山芋は、長芋や大和芋、つくね芋、いちょう芋などの総称です。山芋の魅力は、調理法によって食感が変わること。すりおろすと粘りが出て、細く切ってサラダなどに入れるとシャキシャキとし、輪切りにして焼くとホクホクとした食感に、それぞれなります。中でもその粘りを楽しめる「とろろ」は山芋の代表的な料理で、そのまま食べたり山かけなどで使われたりします。今回は、山芋の特徴である、粘りについて解説します。

山芋の種類や特徴、栄養、保存法などについてはコチラ
山芋、長芋の違いや特徴についてはコチラ
山芋を加熱したときの特徴はコチラ

山芋の粘りとは?

すりおろすことで粘質物が外に出て水に溶けると粘りが出る

●粘りの成分

山芋の粘りは、すりおろすことで中に含まれている粘質物が細胞外に出て、水に溶けることで現れます。この粘質物は、多糖と糖タンパク質で構成されています。

●品種によって違う?

下のグラフは、3種類の山芋のとろろの粘度を比較したものです。粘度が高い順に、つくね芋、いちょう芋、長芋となりました。

山芋の種類別とろろの粘度の比較

ずり応力:液体(とろろ)を平行に動かすときの単位面積あたりの内部摩擦力。

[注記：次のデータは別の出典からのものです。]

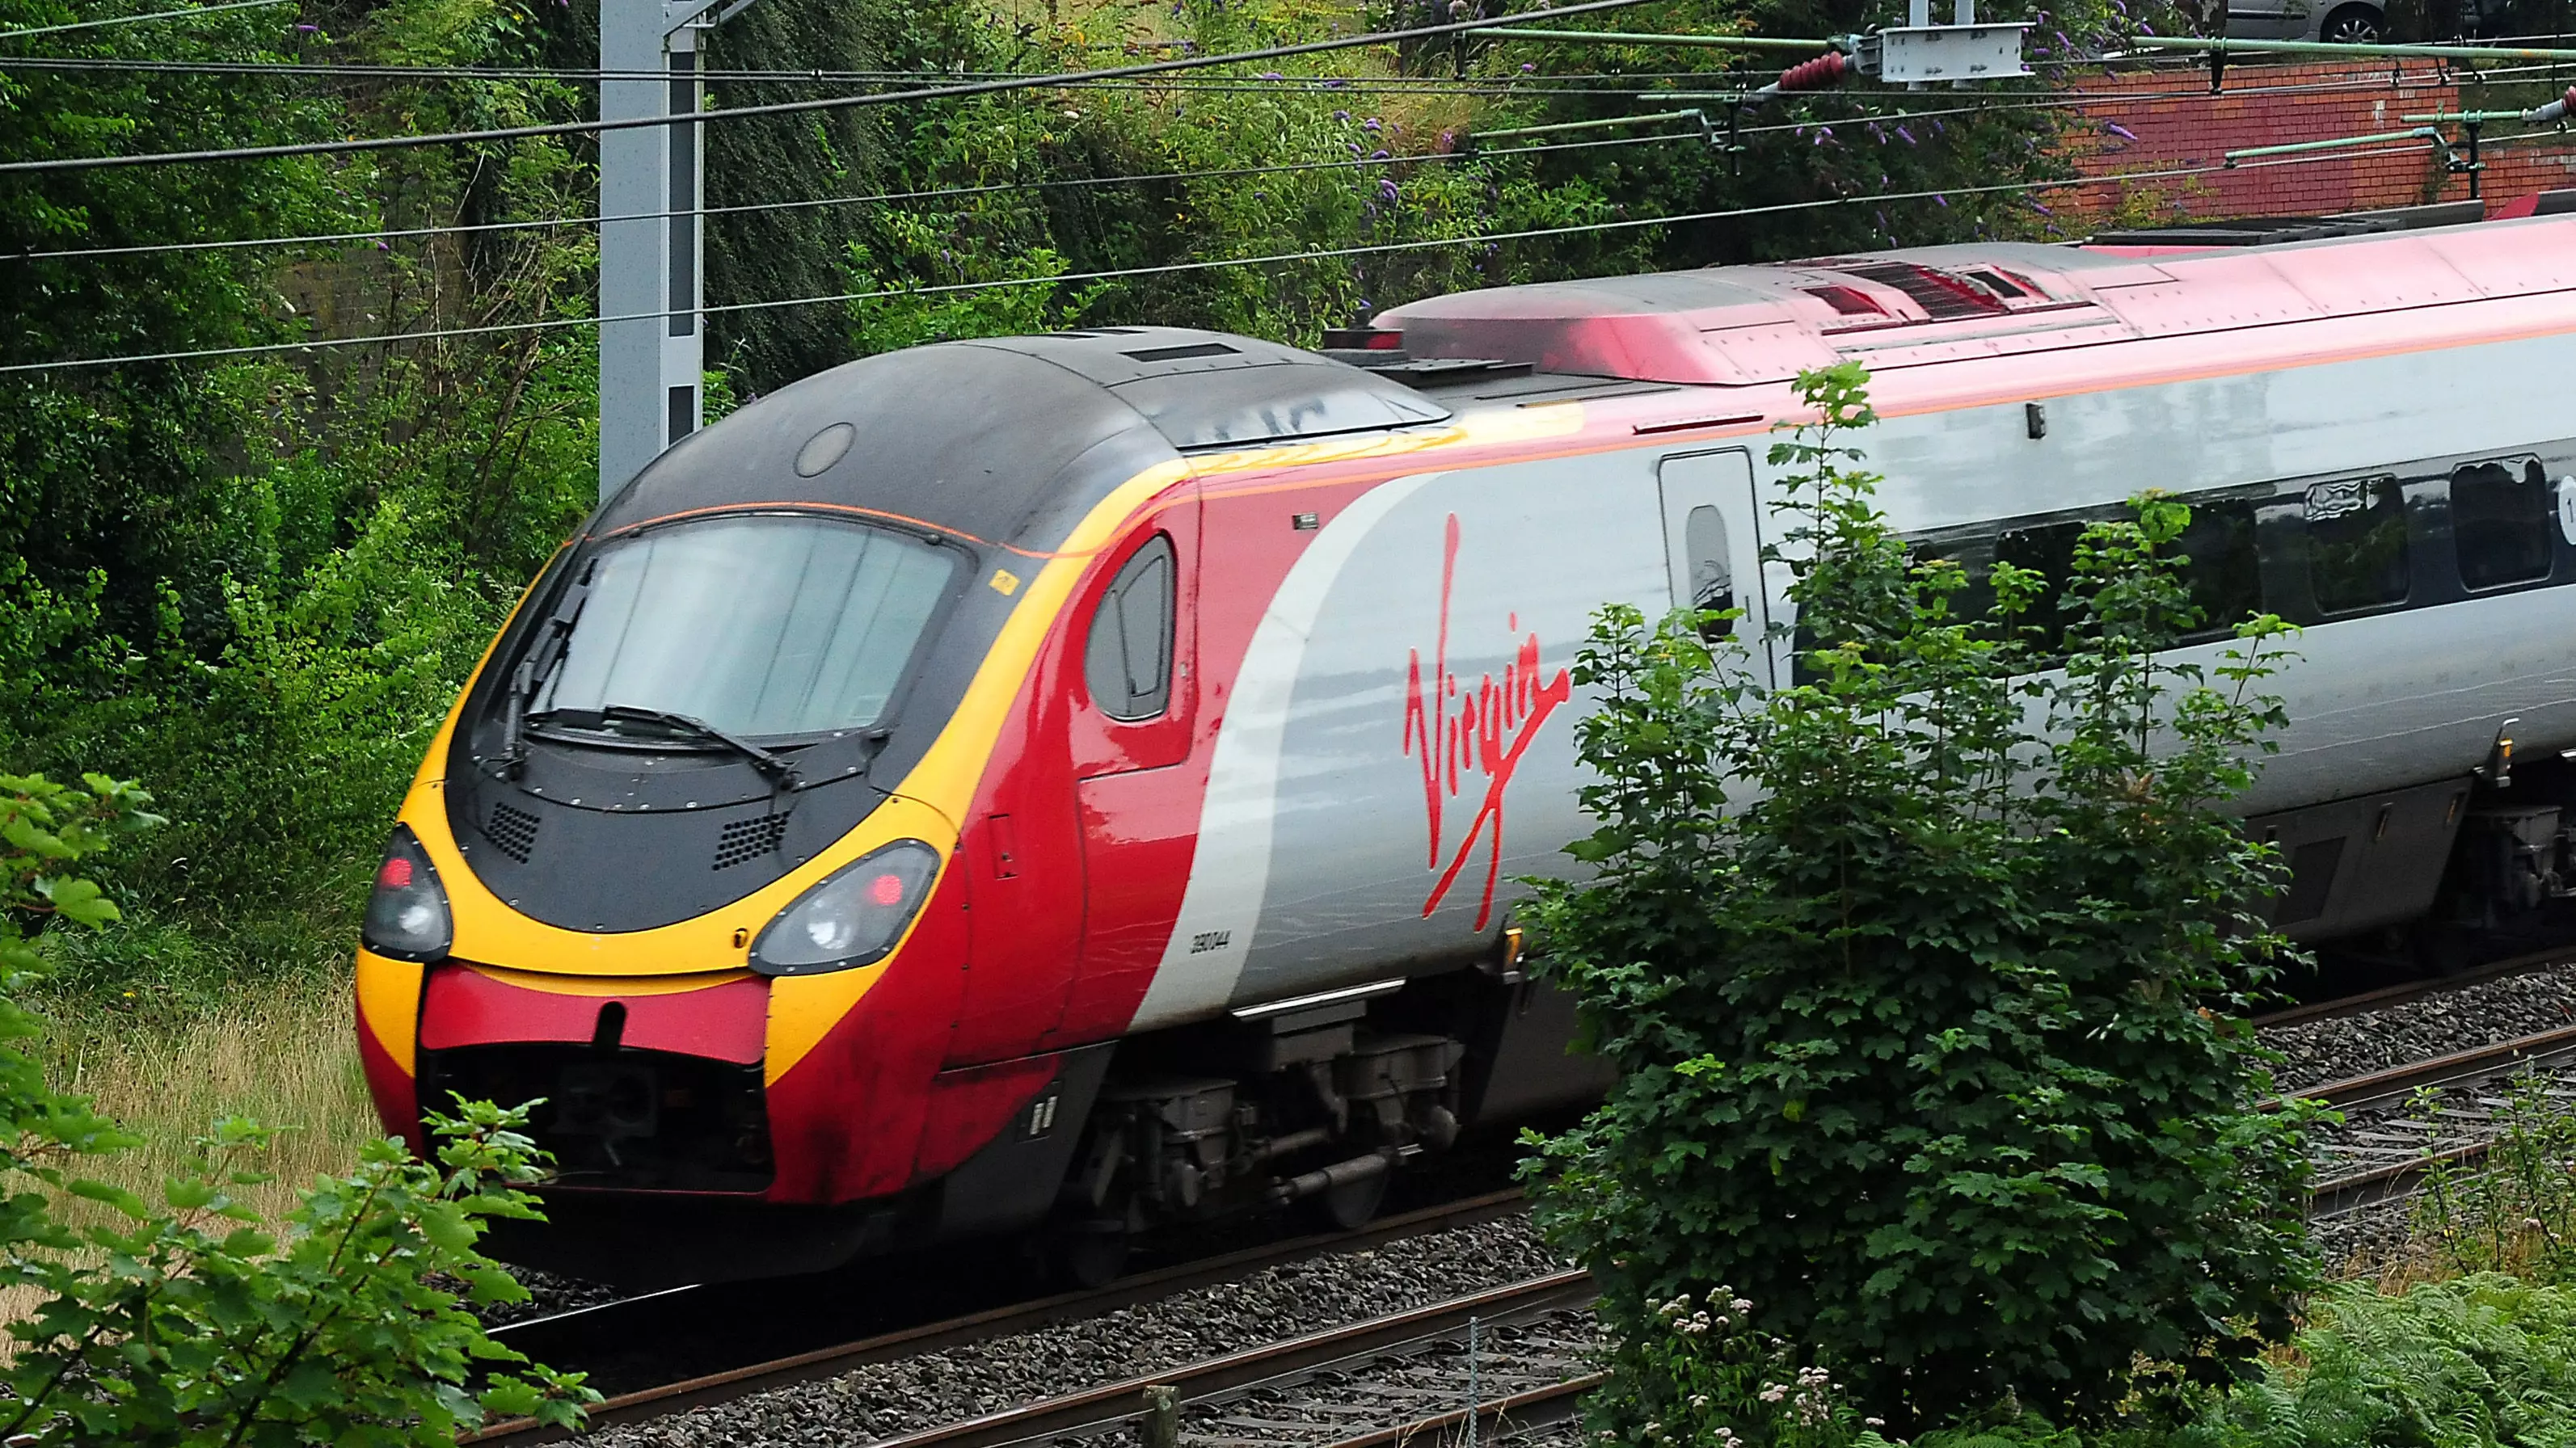 Virgin Wants To Ban Standing On Its Trains With New Booking System

ずり応力が大きいほど粘性が高い。
ずり速度:液体(とろろ)を垂直方向に動かすときの単位面積あたりの速度。ずり速度が大きいほど粘性が低い。

とろろを凍結or加熱するとどう変化する?

●凍結する

下のグラフは、凍らせていないとろろの粘度と水分量を100として、変化の割合を比較した実験結果です。山芋のとろろを凍結させると、粘度が約10%増加しました。一方、凍結乾燥させた場合は、逆に約10%低下。この違いは、とろろの不溶性成分の保水性が凍結と凍結乾燥で変化するためと考えられます。

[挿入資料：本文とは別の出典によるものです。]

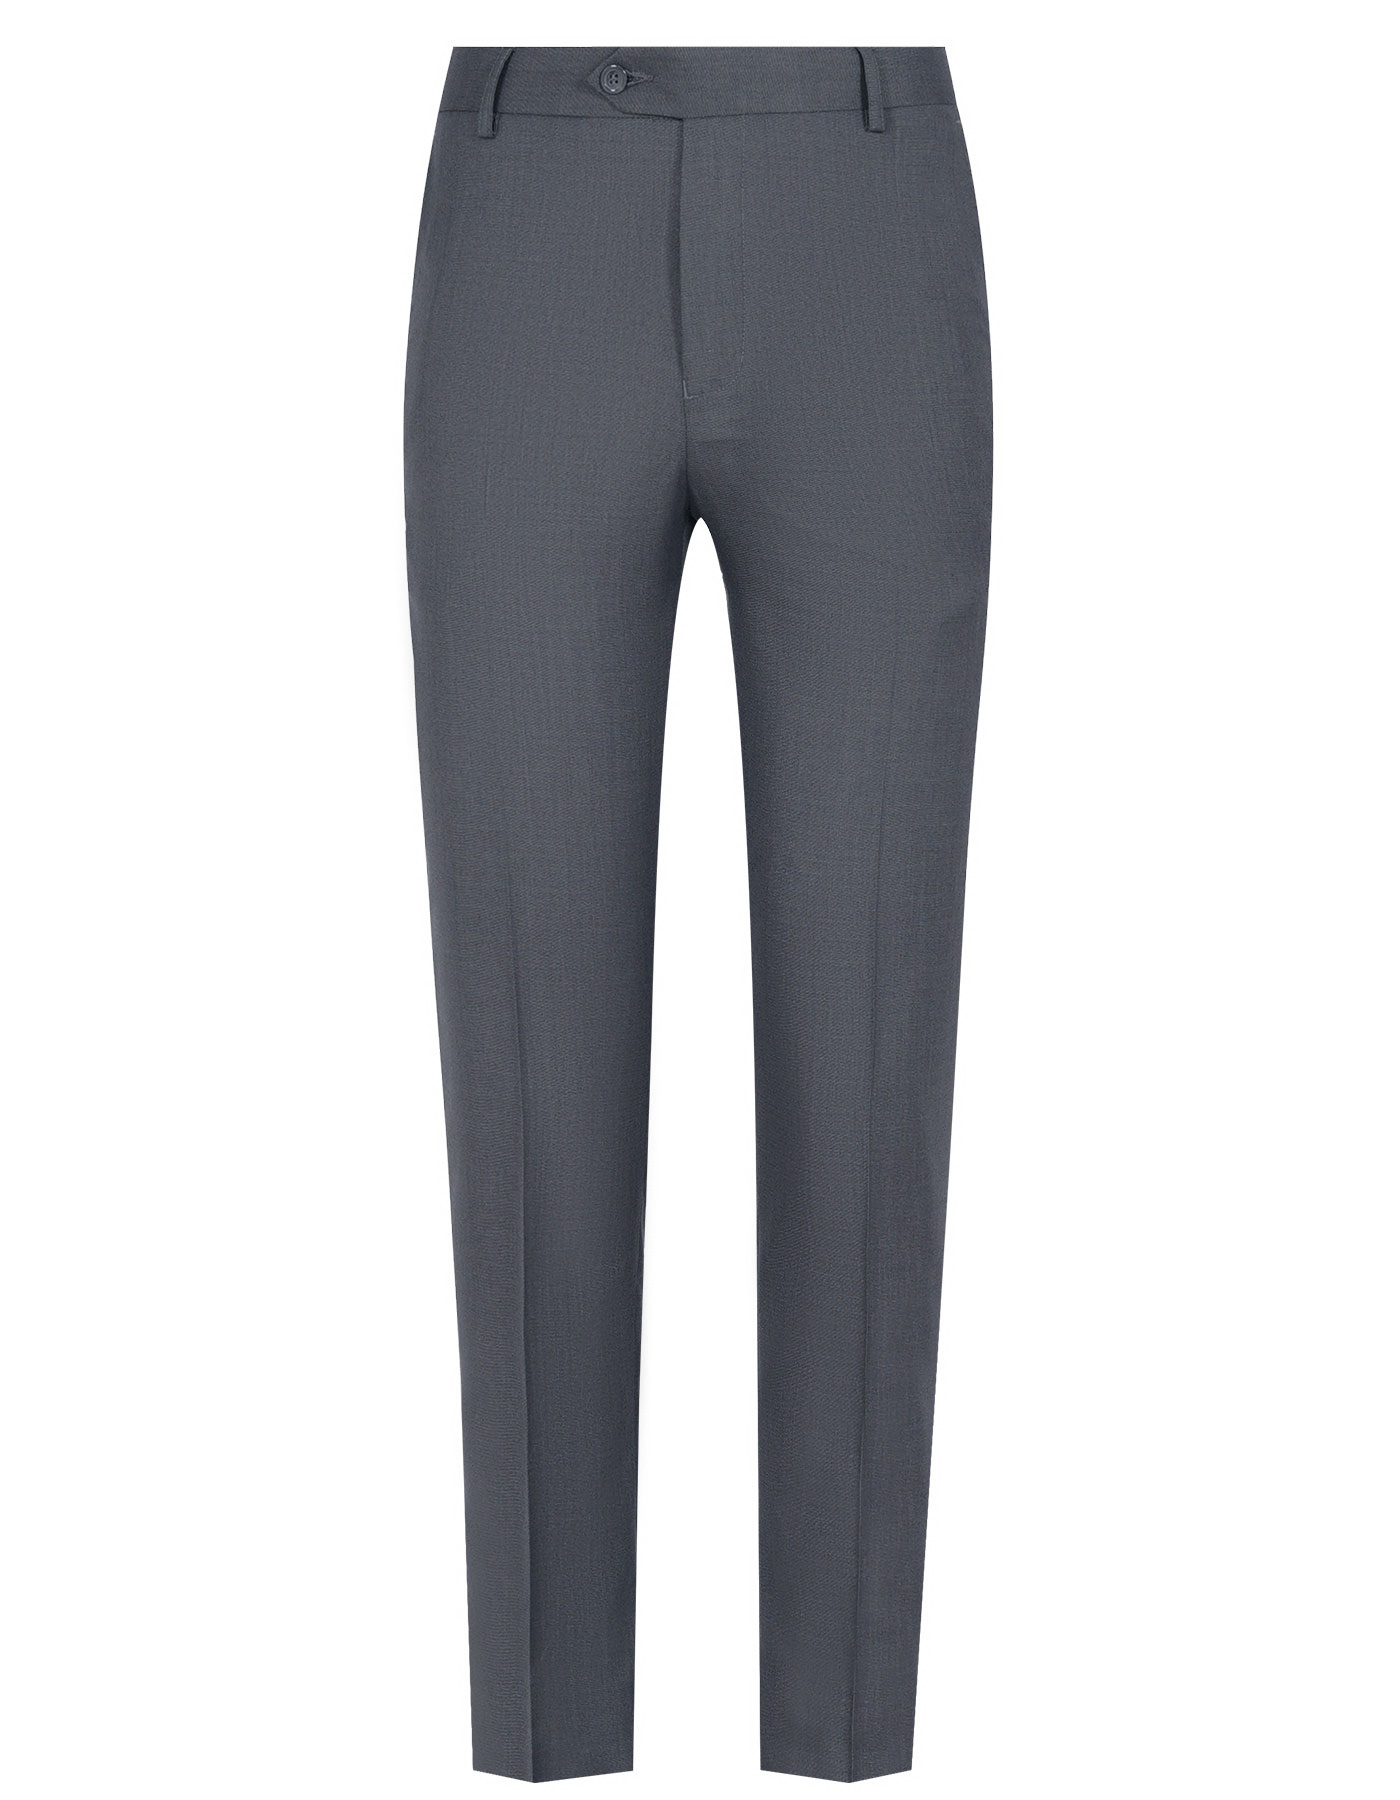 Charcoal Texture Formal Trouser for men

長芋のとろろを凍らせたときの粘度と水分量の変化のグラフ

凍結試料は、とろろに等量の蒸留水を加え、−20℃で一晩凍結させた後、室温で解凍したもの。凍結乾燥試料は、凍結乾燥後に加水して元の水分量に戻したもの。

●加熱する

下のグラフは、熱したときの実験の結果で、長芋のとろろから抽出した粘質物を使っています。長芋のとろろの粘質物を加熱すると、50℃で5時間の処理では粘度は低下しませんでした。しかし、60℃以上になると加熱時間と共に粘度が低下しました。

長芋のとろろを加熱したときの粘質物の変化のグラフ

最後に

調理法によっていろいろな食感を楽しめる山芋のとろろの特徴を知って、調理に生かしてください。